Entrepreneurs are recruited through roadshows and open days. We are also run a learnership programme funded by the Mining Qualification Authority (MQA). After completion of the programme, the incubatees then fall into our SMME Development Programme.

How long do businesses stay in your programmes?

Businesses stay in the programme for three years. Once the entrepreneurs have completed the programme, we evaluate the business to see whether they can operate on their own.

What are the two key elements of your support that sets you apart from other incubators?

We are the only incubator in Limpopo that offers training and small business development in the jewellery design and manufacturing sector.

We are also the only public organisation in Limpopo that provides and promotes mineral beneficiation through jewellery manufacturing.

How long have you been going?

We have been operational since 2009.

How many businesses have been incubated with your support and how many of them are still going today?

We have already incubated 49 businesses.

How many incubatees are now in your programme?

There is no limit thus far as jewellery manufacturing has been identified as one of the scarce skills in this province.

What are your fees?

We charge a rental fee of R250 per month for business owners who use our equipment.

What commitments do incubatees make before they enter your programme? And what commitment do you make to them?

We ask the entrepreneurs to commit via a signed contract. All our offerings are made available to the incubatees in the contract.

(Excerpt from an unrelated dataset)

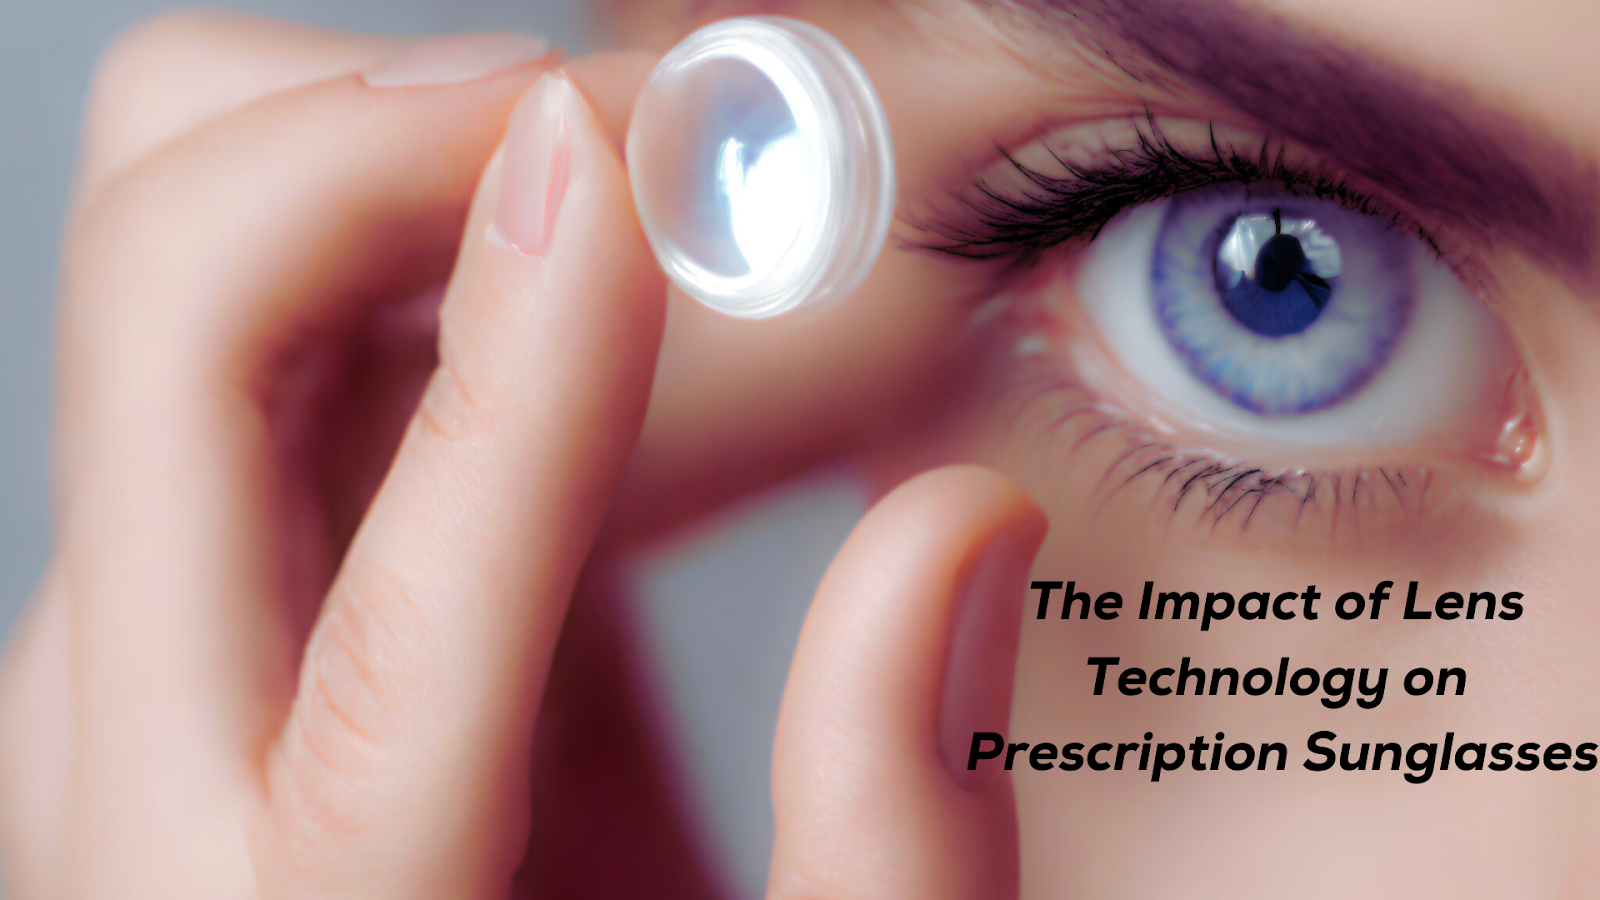 The Impact of Lens Technology on Prescription Sunglasses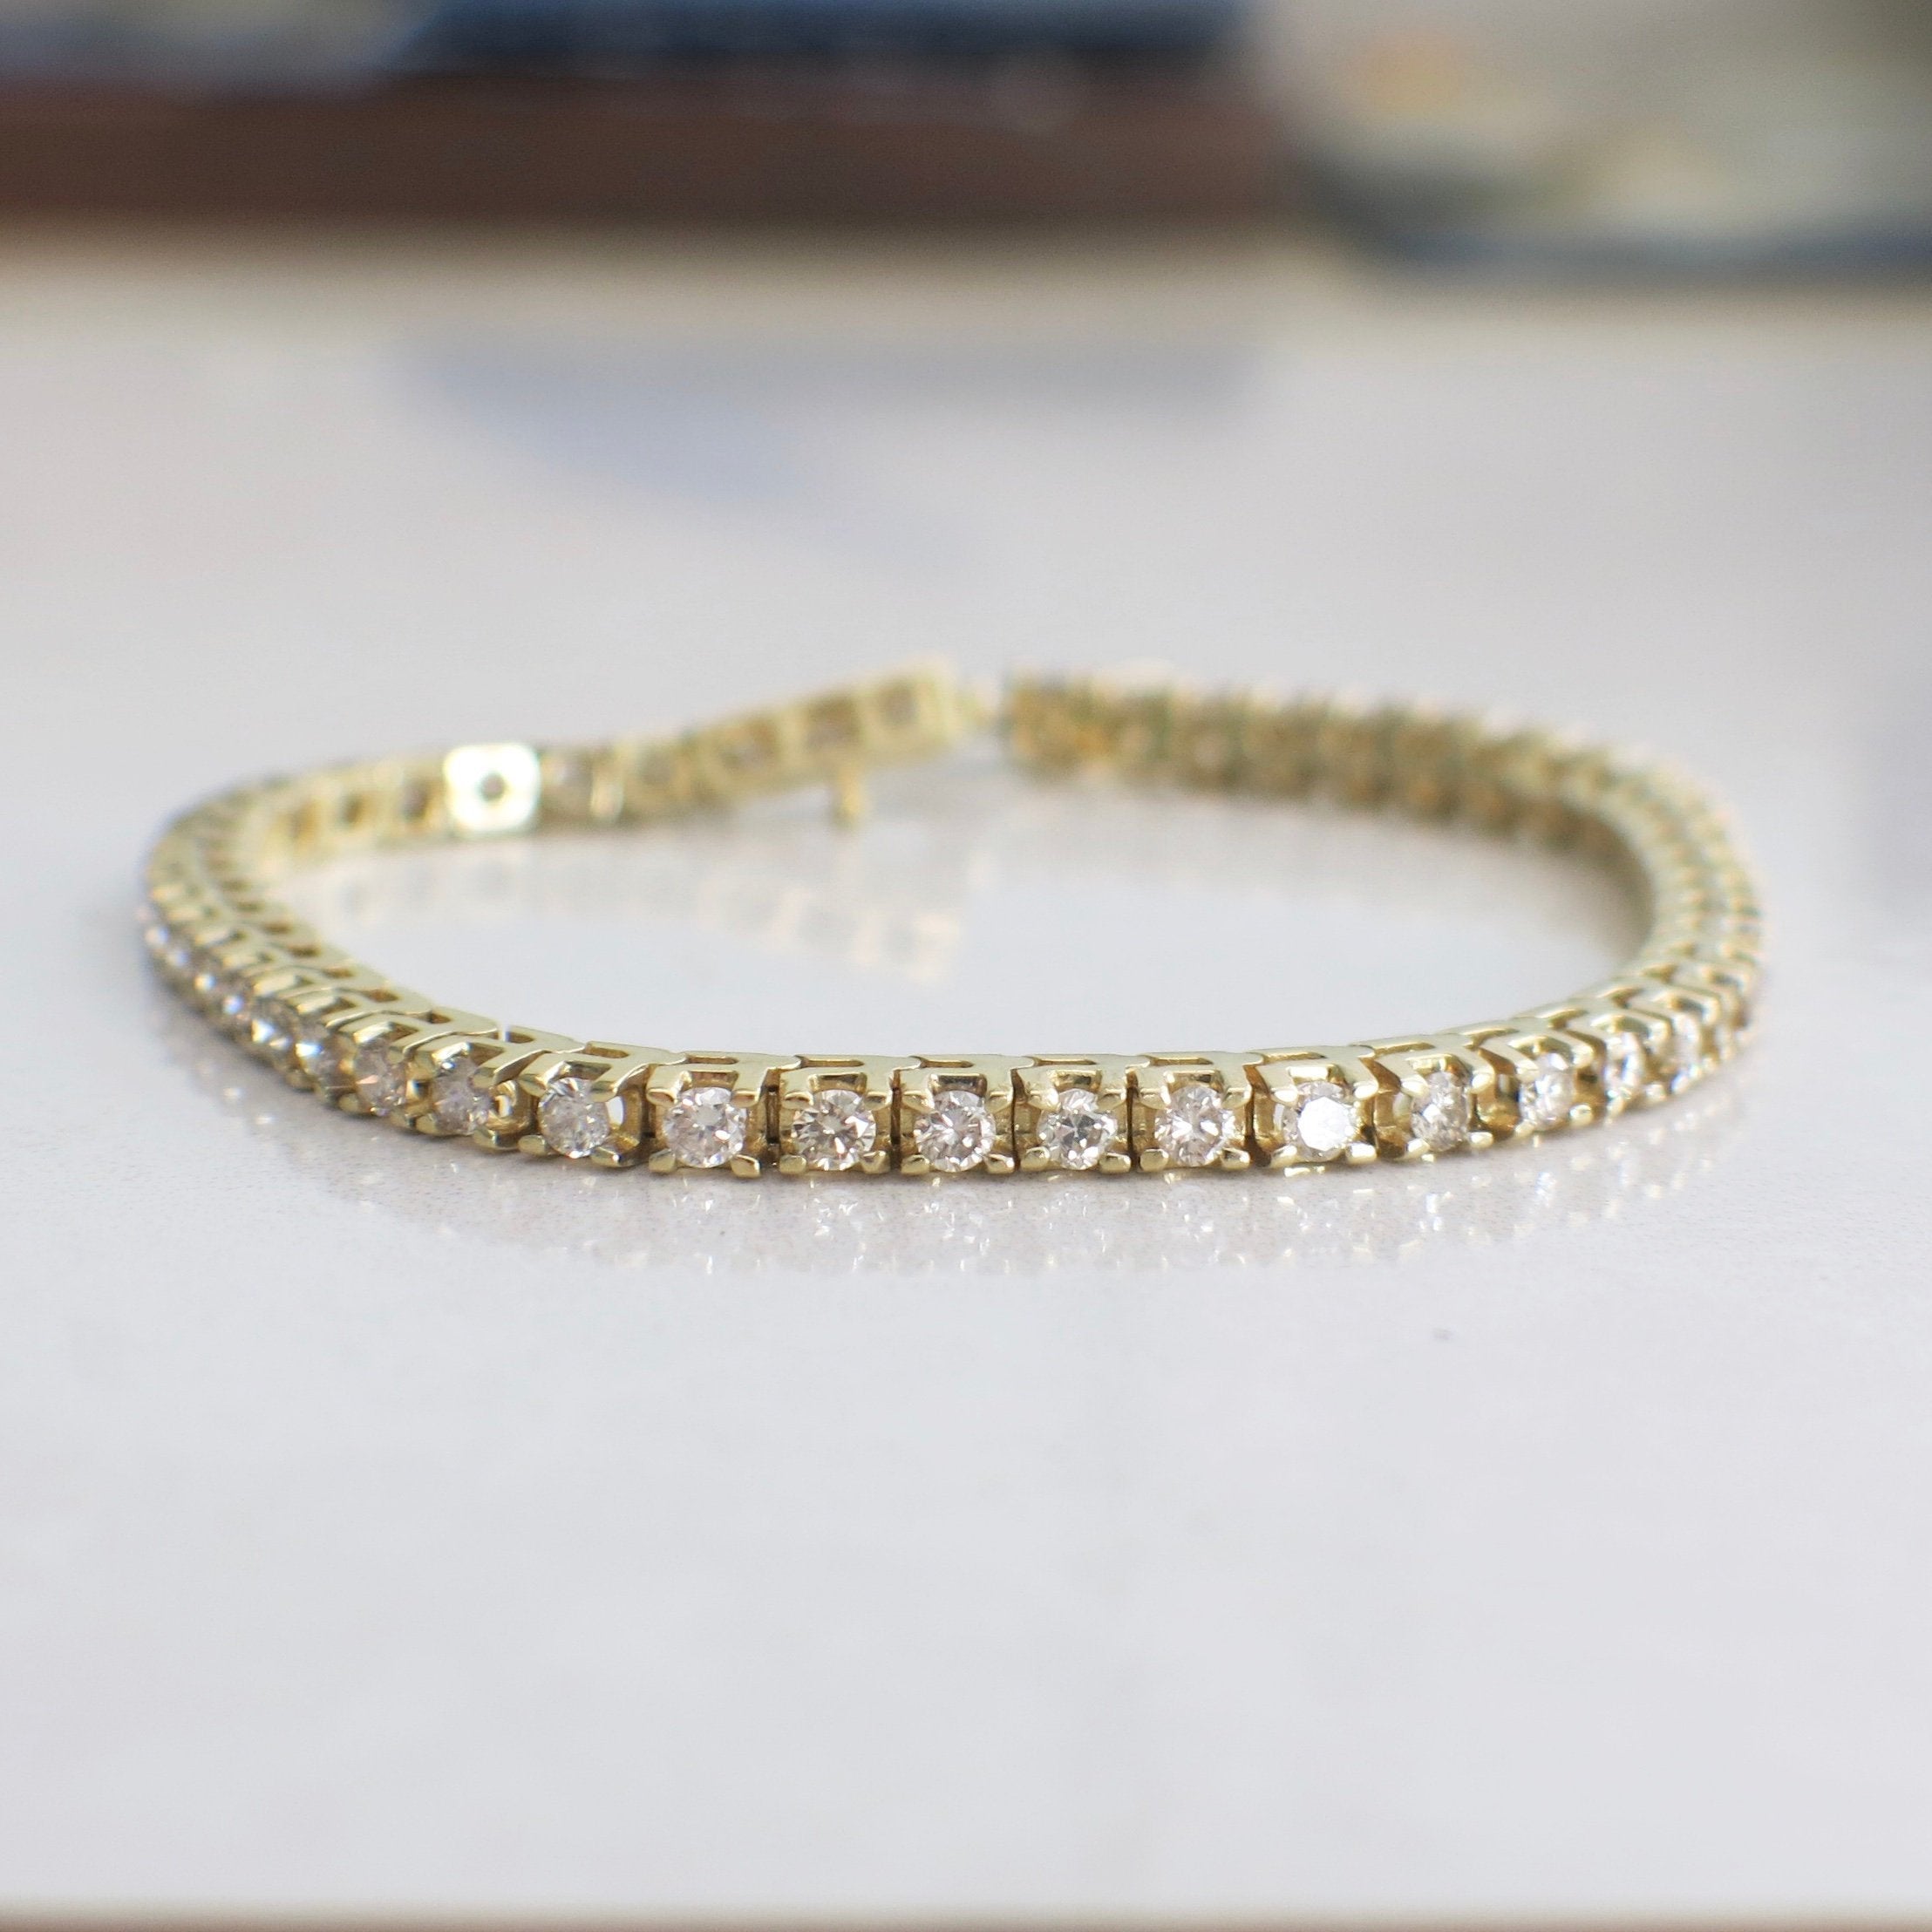 Antique Diamond Rope Bracelet in Yellow Gold | New York Jewelers Chicago

These services include business support, business management, technical support, coaching and monitoring.

What are the average sales of your incubatees over a year in your programme? After two years? After three years?

The average sales for year one is R20 000, year two is R50 000 and year three is R70 000.

What is the best thing you heard someone say about your incubator?

The best thing said so far was that we alleviate poverty and create jobs for our youth.

And the worst?

We fail to deliver on our offerings to entrepreneurs due to limited funding we receive.

What was your biggest success thus far?

Our International Organisation for Standardisation (ISO) accreditation, MQA accreditation and we won an international small business award in Botswana.

And biggest failure?

A lack of funds.

Why are you involved in supporting new businesses?

We want to create jobs for the youth from previously disadvantaged backgrounds and alleviate poverty.

What is your biggest wish for improving support to entrepreneurs in South Africa?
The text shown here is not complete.